Depression is a complex psychiatric disorder that is a major burden on society, with only ~33% of depressed patients attaining remission upon initial monotherapy with a selective serotonin reuptake inhibitor (SSRI). In preclinical studies using rodents, chronic stress paradigms, such as chronic corticosterone and social instability stress, are used to induce avoidance behaviors associated with negative affective states. Chronic fluoxetine (FLX; an SSRI) treatment reverses these chronic stress-induced behavioral changes in some, but not all mice, permitting stratification of mice into behavioral responders and non-responders to FLX. We previously reported that 5-HT_1A receptors, which are Gi-coupled inhibitory receptors, on mature granule cells (GCs) in the dentate gyrus (DG) are necessary and sufficient for the behavioral, neurogenic, and neuroendocrine response to chronic SSRI treatment. Since inhibition of mature DG GCs through cell autonomous Gi-coupled receptors is critical for mounting an antidepressant response, we assessed the relationship between behavioral response to FLX and DG GC activation in FLX responders, non-responders, and stress controls in both male and female mice. Intriguingly, using disparate stress paradigms, we found that male and female behavioral FLX responders show decreased DG GC activation (as measured by cFos immunostaining) relative to non-responders and stress controls. We then show in both sexes that chronic inhibition of ventral DG GCs (through usage of Gi-DREADDs) results in a decrease in maladaptive avoidance behaviors, while ventral DG GCs stimulation with Gq-DREADDs increases maladaptive behaviors. Finally, we were able to bidirectionally control the behavioral response to FLX through modulation of DG GCs. Chronic inhibition of ventral DG GCs with Gi-DREADDs converted FLX non-responders into responders, while activation of ventral DG GCs with Gq-DREADDs converted FLX responders into non-responders. This study illustrates ventral DG GC activity is a major modulator of the behavioral response to FLX in both male and female mice.

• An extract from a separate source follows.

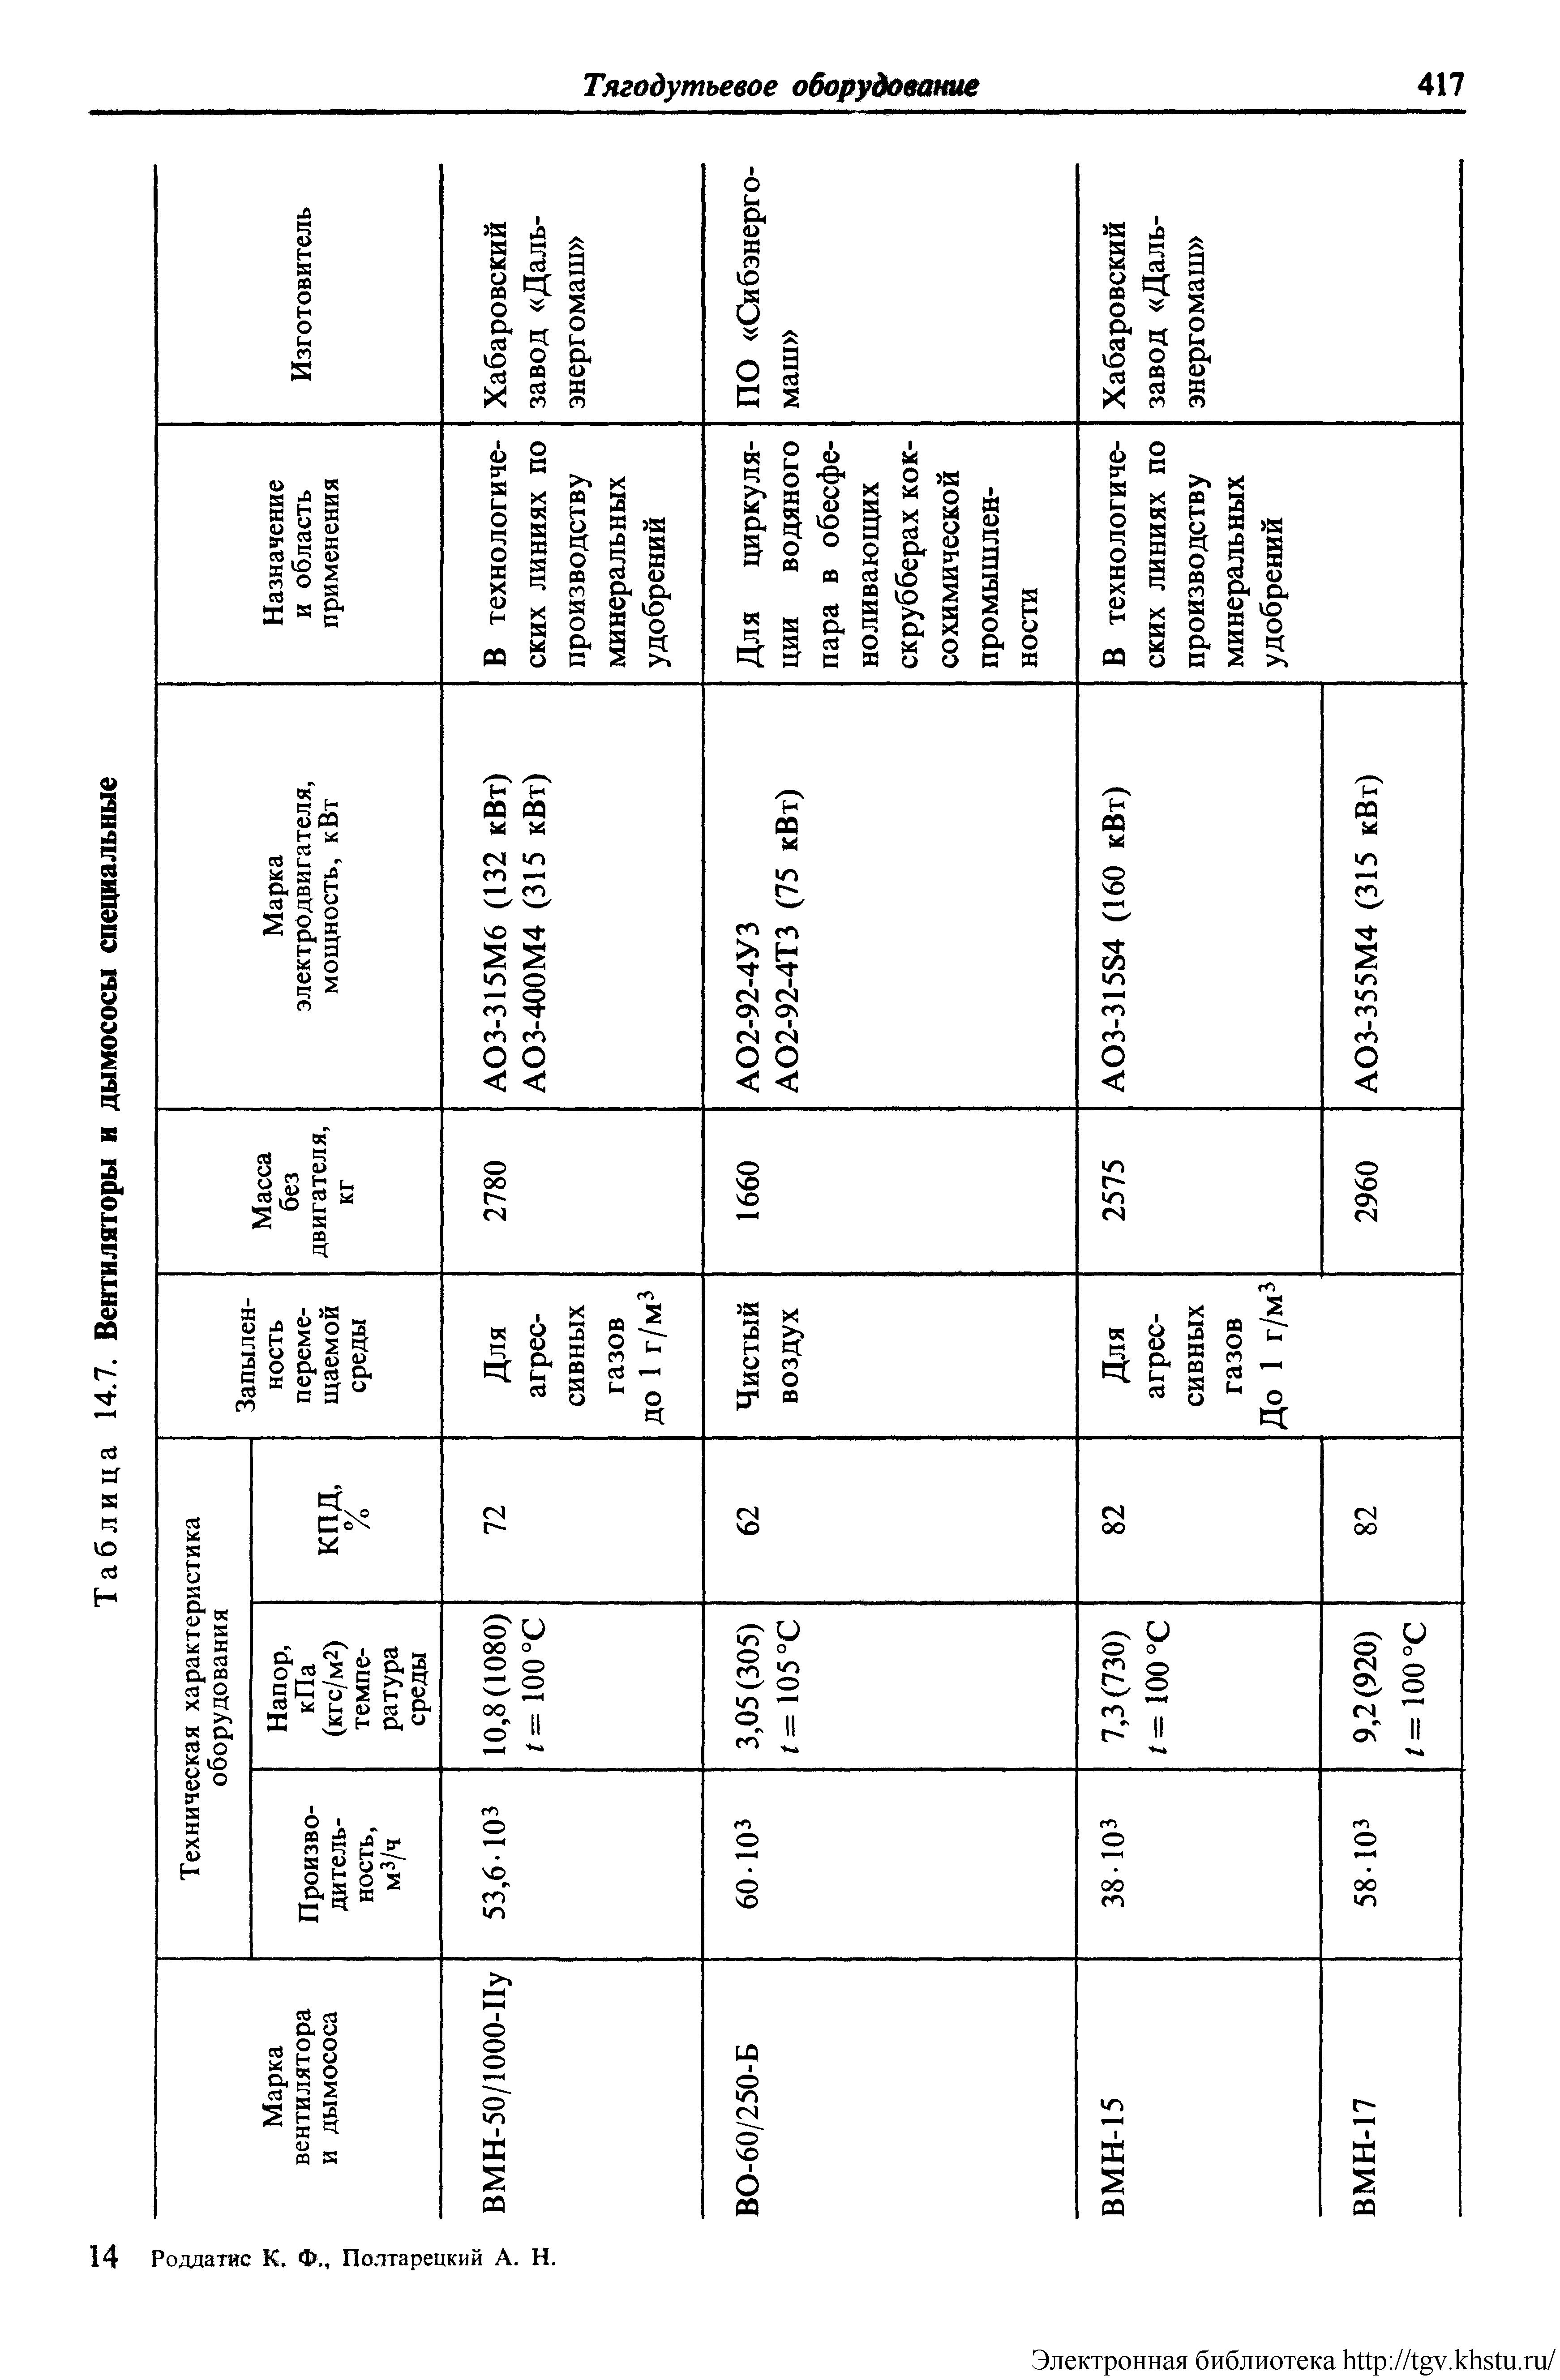 Таблица 14.7. Вентиляторы и дымососы специальные

抑郁症是一种复杂的精神疾病，是社会的主要负担，只有约33％的抑郁症患者在最初的单一疗法中使用选择性5-羟色胺再摄取抑制剂（SSRI）才能获得缓解。在使用啮齿动物的临床前研究中，慢性应激范例（例如慢性皮质酮和社会不稳定应激）被用来诱发与负面情感状态相关的回避行为。慢性氟西汀（FLX; SSRI）治疗可逆转某些但不是全部小鼠中的这些慢性应激诱导的行为变化，从而允许将小鼠分层为FLX的行为反应者和非反应者。我们之前曾报道过5-HT _1A齿状回（DG）中成熟颗粒细胞（GC）上的Gi偶联受体是Gi偶联的抑制性受体，对于行为，神经源性和神经内分泌对慢性SSRI治疗的反应是必要和充分的。由于通过细胞自主的Gi偶联受体抑制成熟的DG GC对于产生抗抑郁反应至关重要，因此我们评估了FLX响应者，无反应者中对FLX的行为响应和DG GC激活之间的关系，以及男性和女性的压力控制老鼠。有趣的是，使用不同的压力范例，我们发现男性和女性行为FLX响应者相对于无响应者和压力控制者，DG GC激活降低（通过cFos免疫染色测量）。然后，我们在男女中均显示，通过使用Gi-DREADDs来抑制腹部DG GC会导致慢性适应不良回避行为的减少，而使用Gq-DREADDs刺激腹侧DG GC则会加剧适应不良的行为。最后，我们能够通过调制DG GC双向控制对FLX的行为响应。带有Gi-DREADDs的腹侧DG GC的慢性抑制将FLX无反应者转化为响应者，而带有Gq-DREADDs的腹侧DG GC的激活将FLX响应者转化为非反应者。这项研究表明，腹部DG GC活性是雄性和雌性小鼠对FLX行为反应的主要调节剂。我们能够通过调制DG GC双向控制对FLX的行为响应。带有Gi-DREADDs的腹侧DG GC的慢性抑制将FLX无反应者转化为响应者，而带有Gq-DREADDs的腹侧DG GC的激活将FLX响应者转化为非反应者。这项研究表明，腹部DG GC活性是雄性和雌性小鼠对FLX行为反应的主要调节剂。我们能够通过调制DG GC双向控制对FLX的行为响应。带有Gi-DREADDs的腹侧DG GC的慢性抑制将FLX无反应者转化为响应者，而带有Gq-DREADDs的腹侧DG GC的激活将FLX响应者转化为非反应者。这项研究表明，腹部DG GC活性是雄性和雌性小鼠对FLX行为反应的主要调节剂。